Mechanistic pseudo-two-dimensional modeling of redox-mediated electrochemical reduction of metronidazole at cobalt oxide nanostructured electrodes

Abstract

The electrochemical reduction of metronidazole at nanostructured electrode interfaces involves a complex interplay of mass transport, electron-transfer kinetics, and redox mediation within the catalytic layer. In this work, a mechanistically grounded pseudo-two-dimensional (P2D) modeling framework is developed to quantitatively describe metronidazole reduction at a cobalt oxide nanoparticle-modified glassy carbon electrode. The model explicitly couples diffusion in the electrolyte with effective diffusion, Butler–Volmer kinetics, and dynamic Co²⁺/Co³⁺ redox mediation within a porous CoOx nanolayer, enabling spatially resolved analysis of transport–reaction interactions while retaining computational efficiency.

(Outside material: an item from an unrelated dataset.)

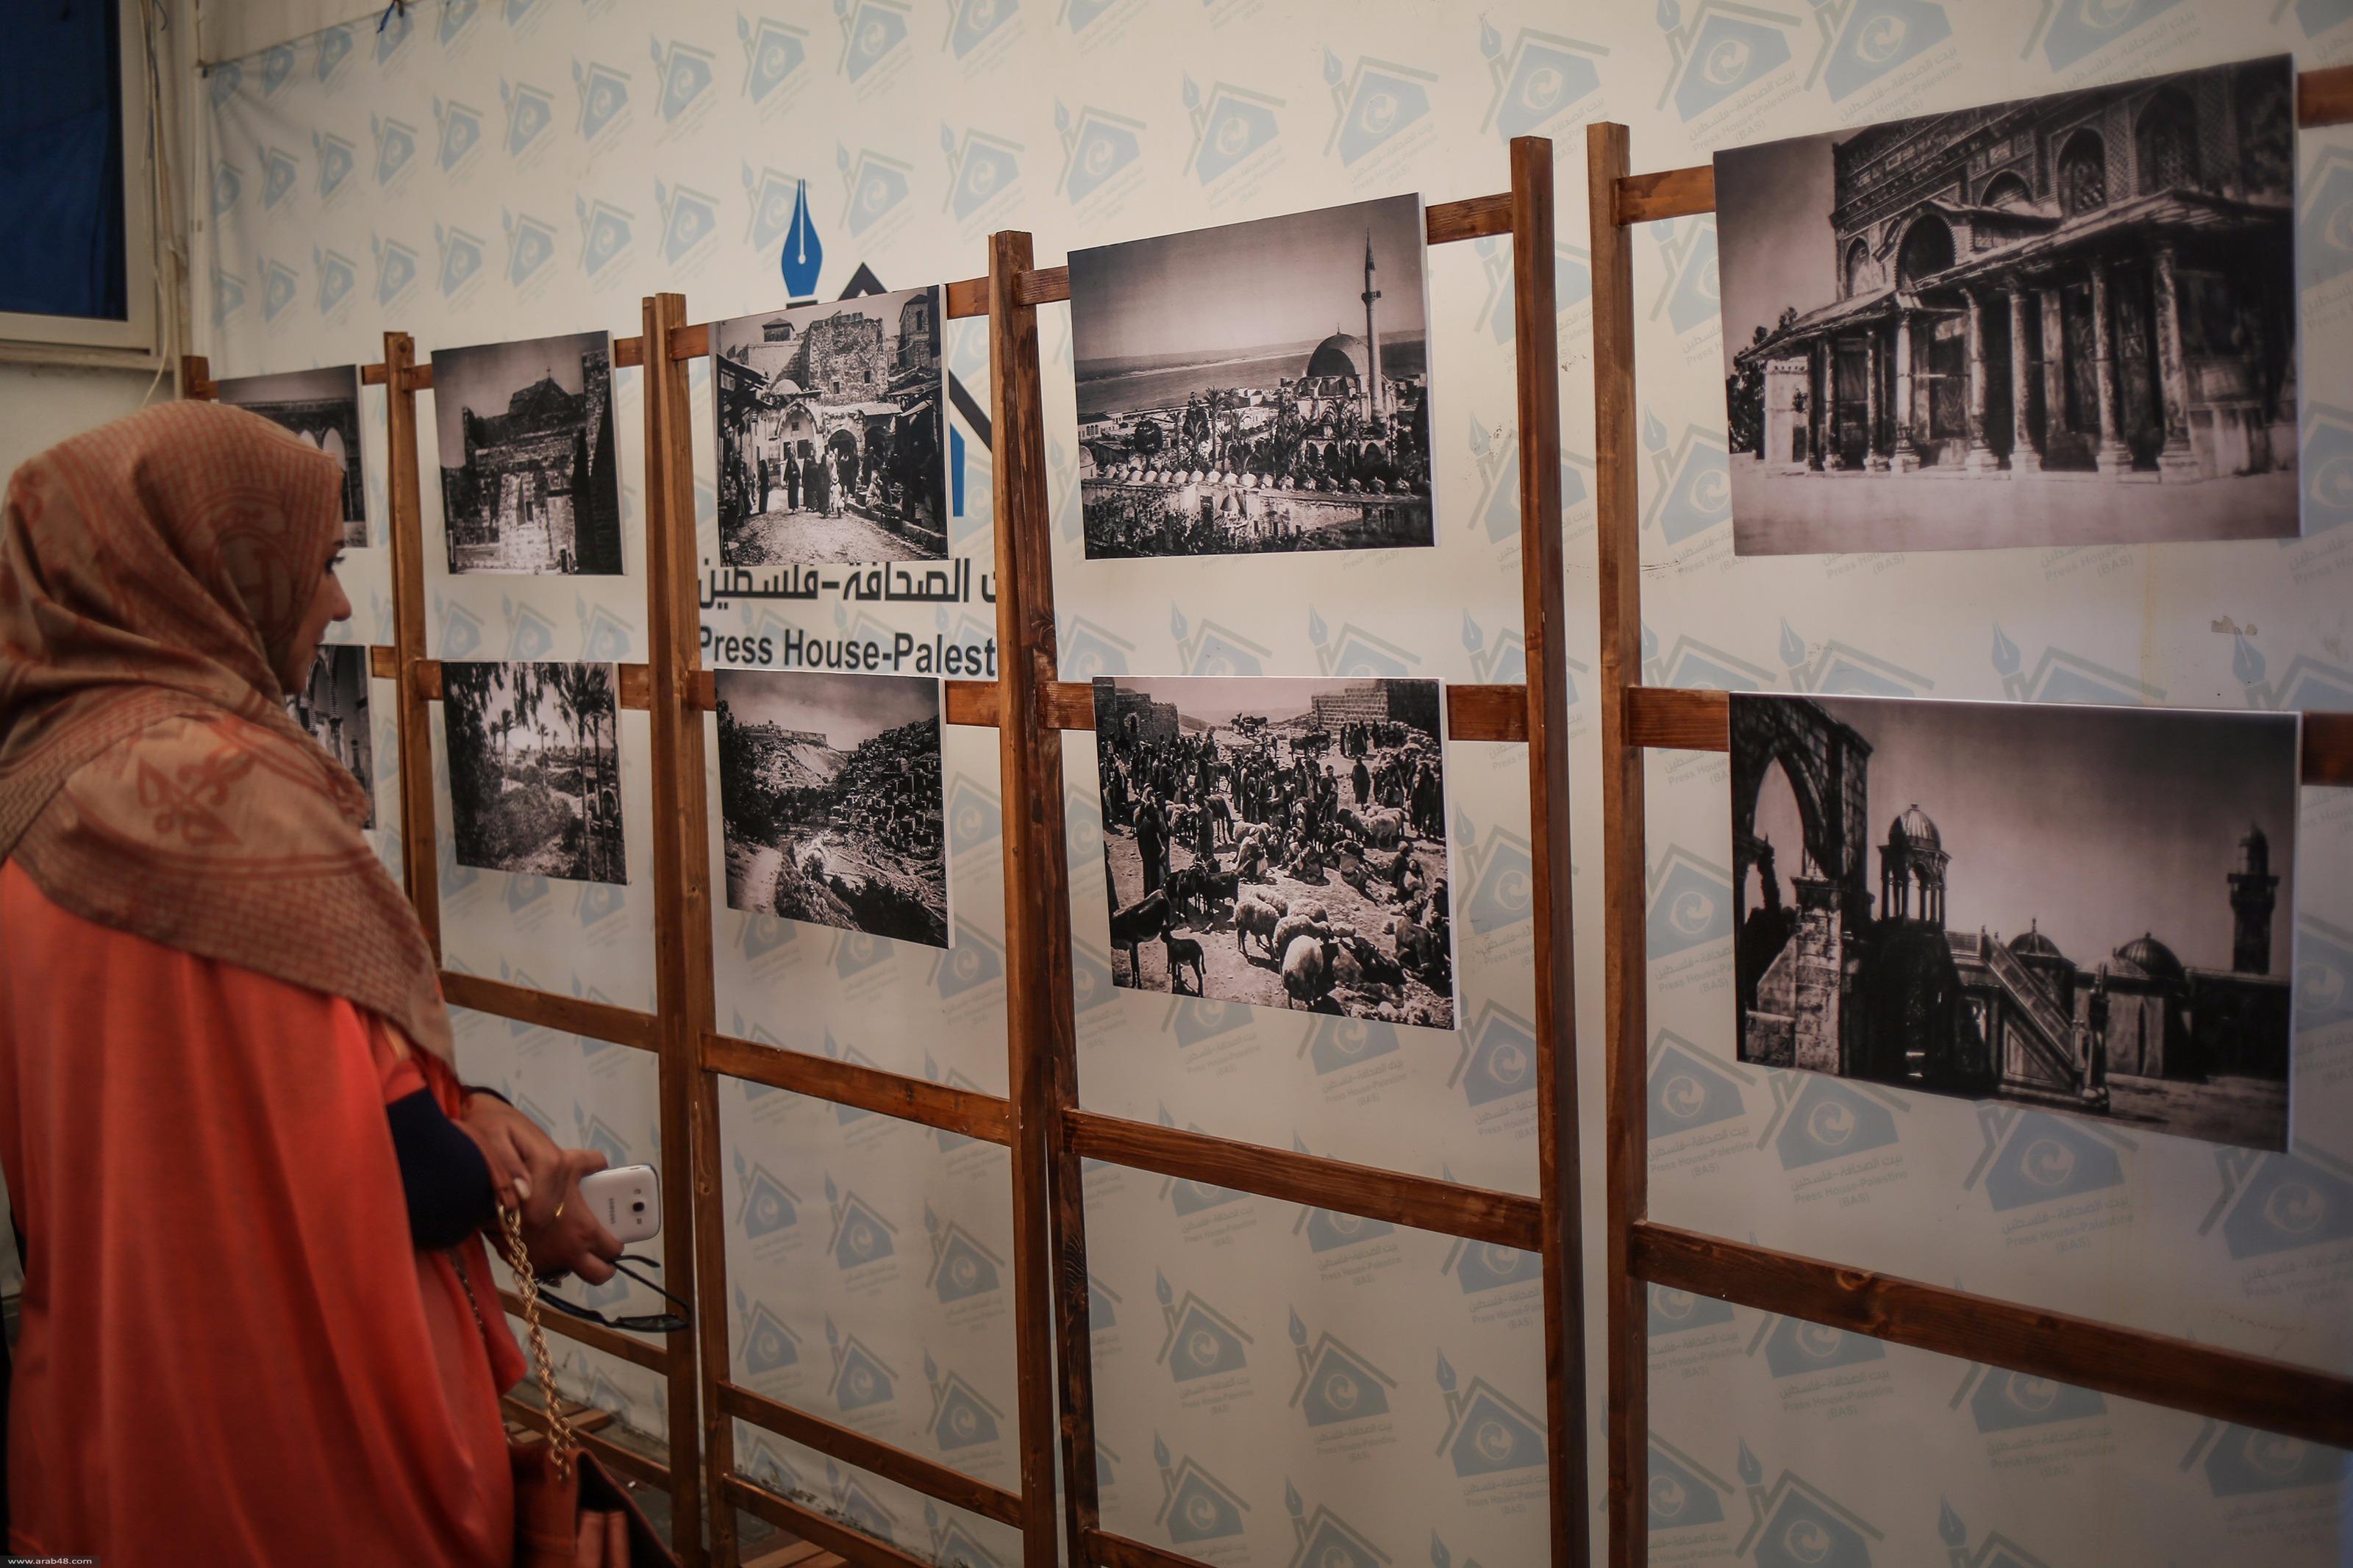 صور نادرة للقدس في معرض بغزة

The simulations successfully reproduce key experimental features, including cathodic peak enhancement, reduced overpotential, and diffusion-controlled current behavior. Quantitative analysis reveals that CoOx surface modification leads to nearly an order-of-magnitude increase in the effective heterogeneous rate constant compared with the bare electrode. The results further demonstrate that catalytic enhancement arises from dynamic redox-state evolution and spatially distributed reaction zones rather than from increased surface area alone. In addition, the model identifies an optimal CoOx layer thickness, beyond which internal mass transport limitations reduce catalyst utilization. Overall, the proposed P2D framework provides a robust and generalizable platform for mechanistic interpretation and rational design of high-performance nanostructured electrochemical sensors.